Although the records contain pictures, none belong in the copy: restate word for word only the lines from the one with "Food + Drink" through the one with "BDI-Präsident Kempf für", both included.

• _Source material_
▼

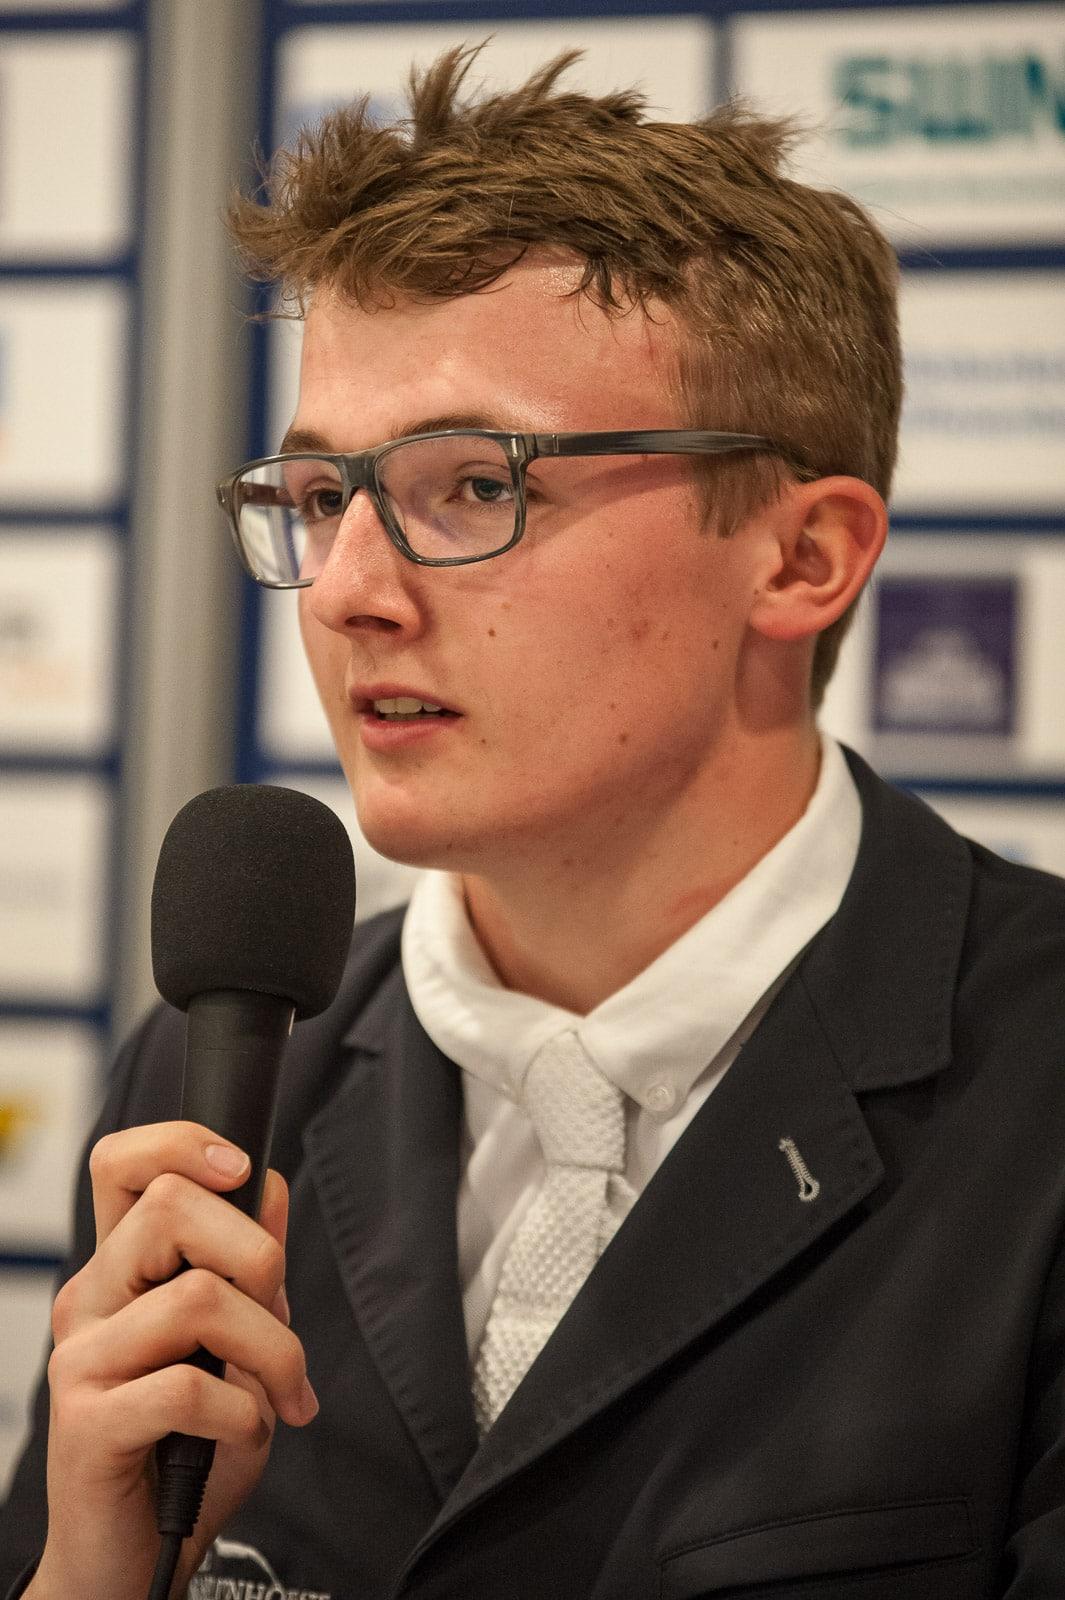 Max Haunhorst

▲
▼

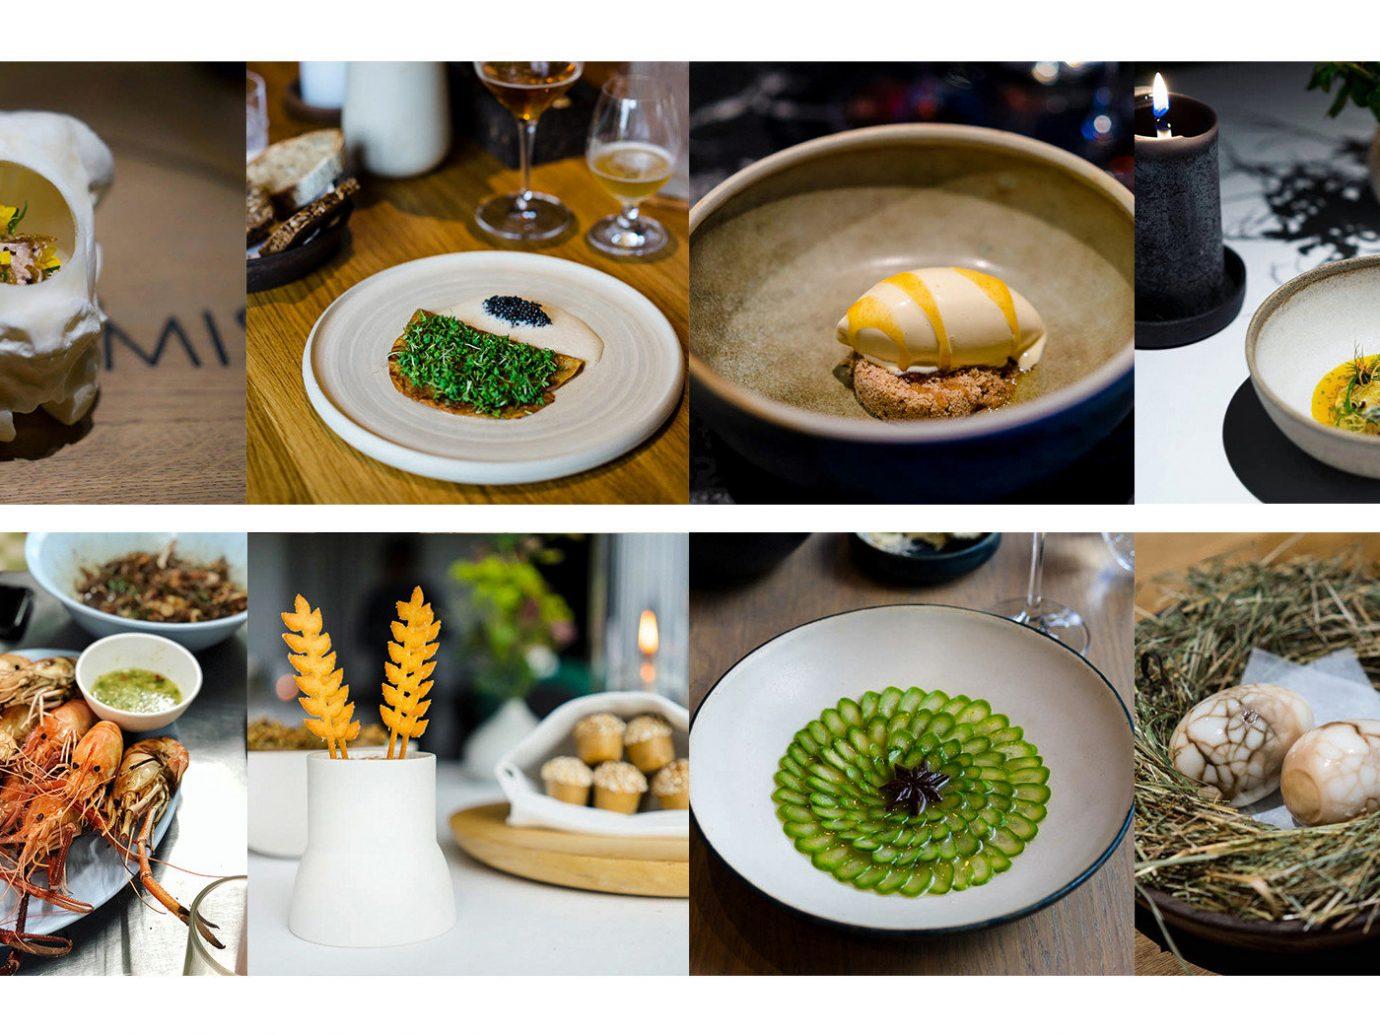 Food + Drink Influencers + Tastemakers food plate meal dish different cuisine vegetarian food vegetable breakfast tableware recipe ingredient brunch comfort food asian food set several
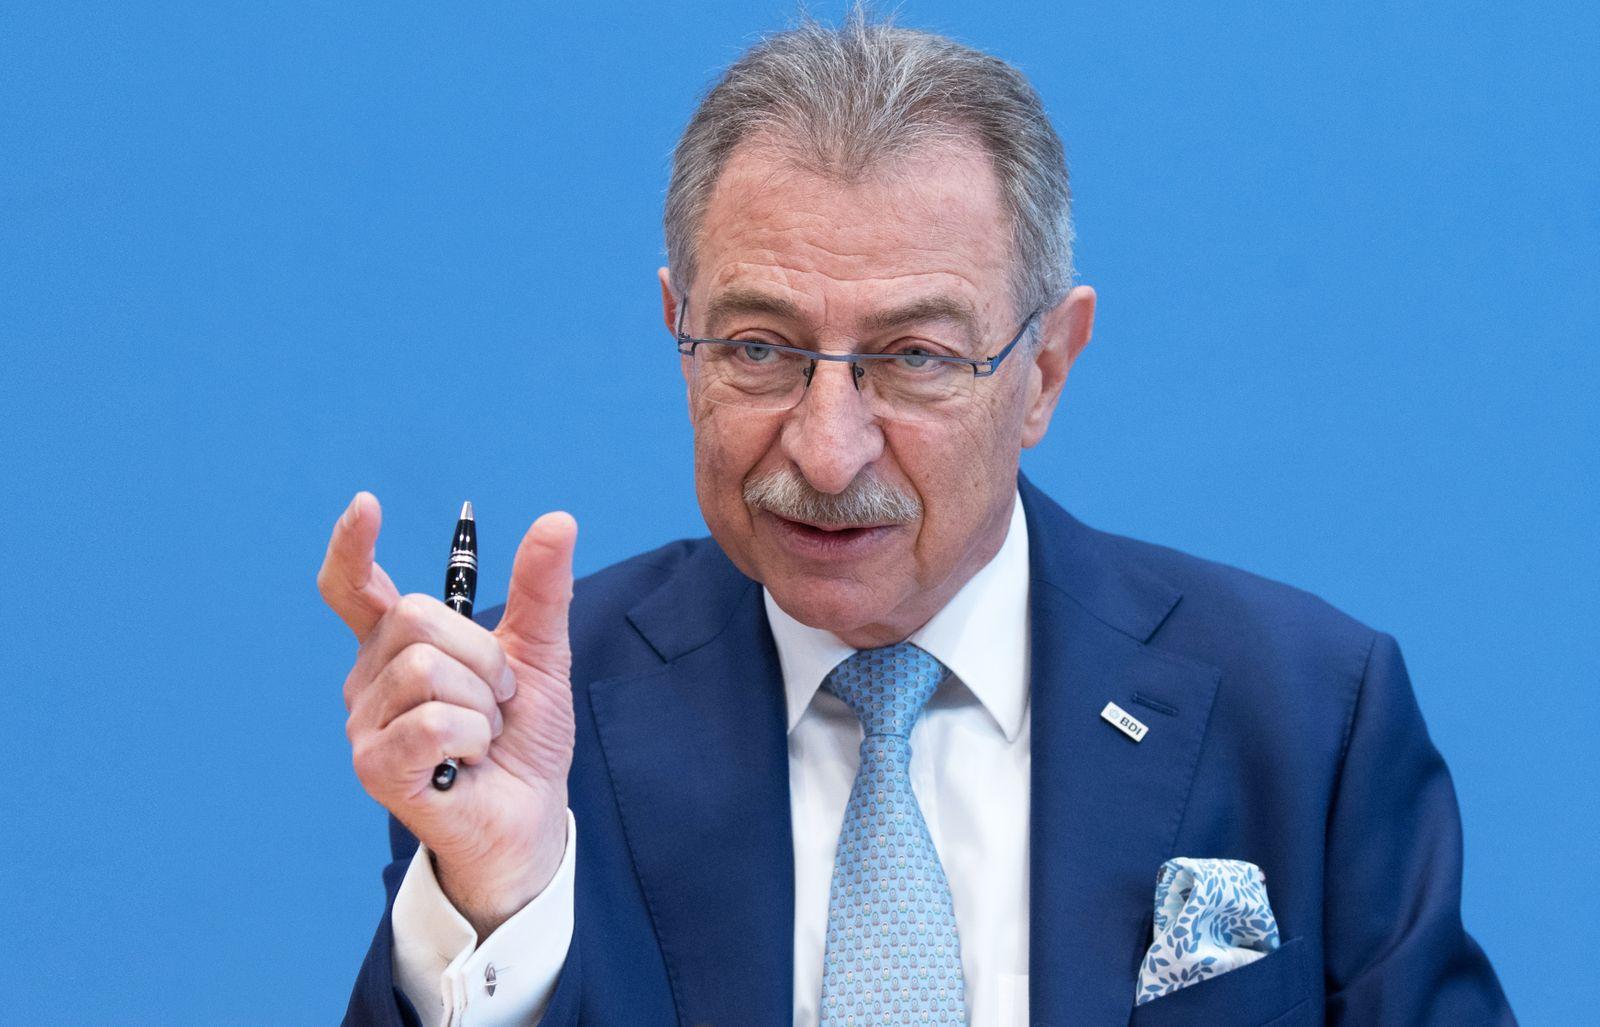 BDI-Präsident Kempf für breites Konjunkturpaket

▲
▼

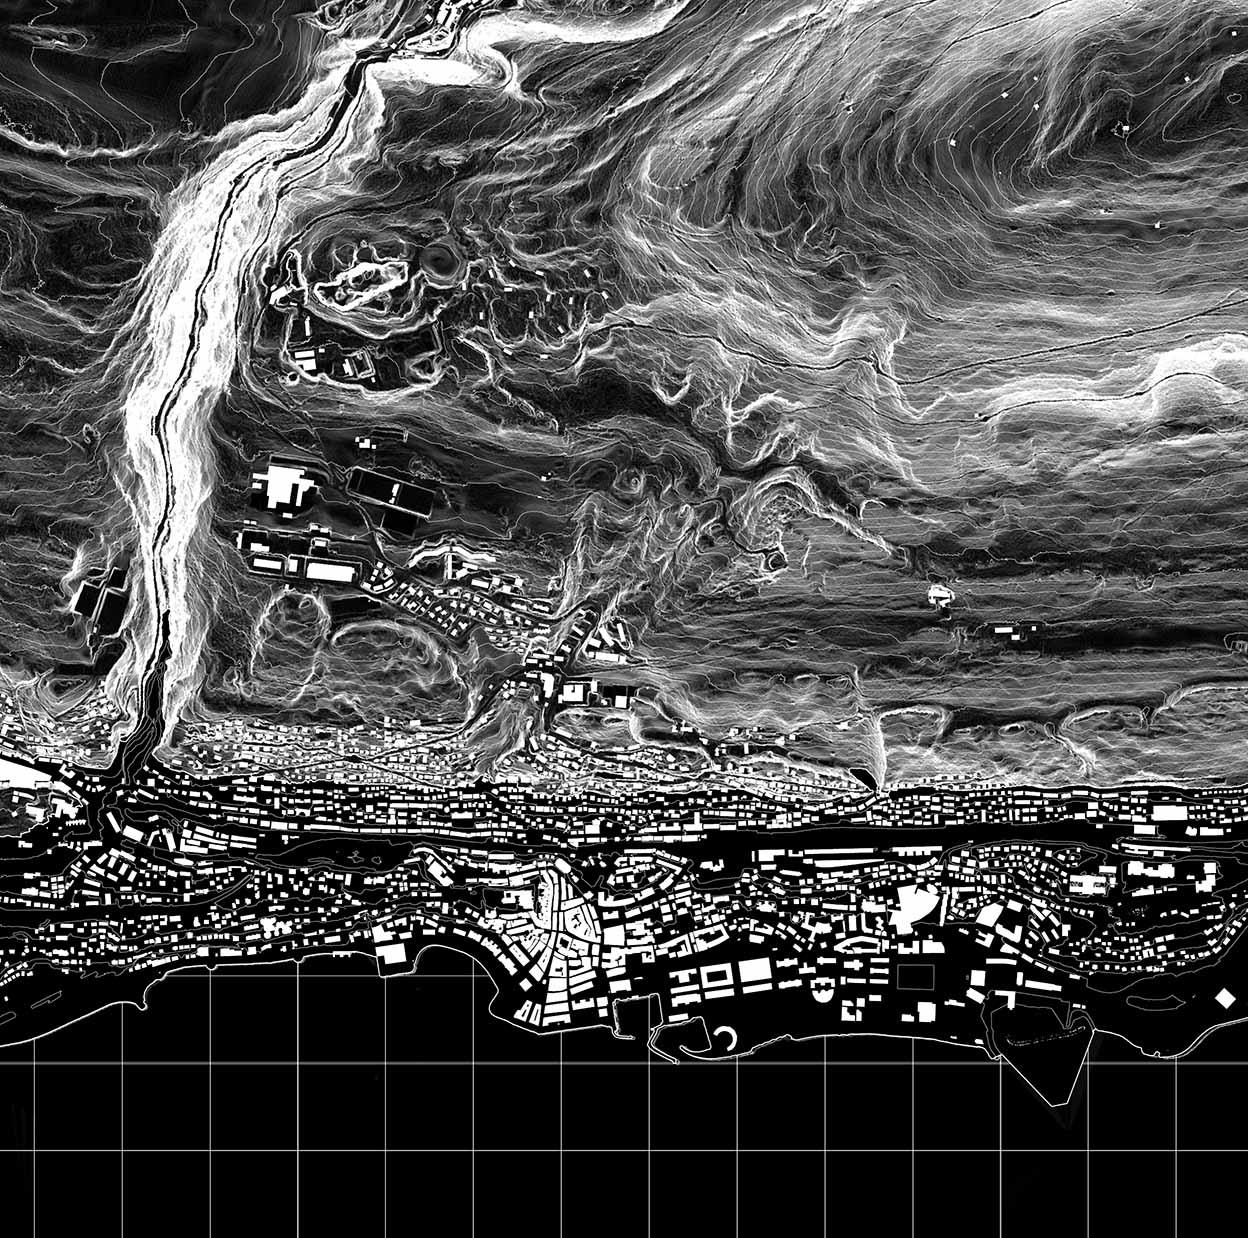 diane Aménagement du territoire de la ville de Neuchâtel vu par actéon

▲

• _Solution for this problem_
 Food + Drink Influencers + Tastemakers food plate meal dish different cuisine vegetarian food vegetable breakfast tableware recipe ingredient brunch comfort food asian food set several
 BDI-Präsident Kempf für breites Konjunkturpaket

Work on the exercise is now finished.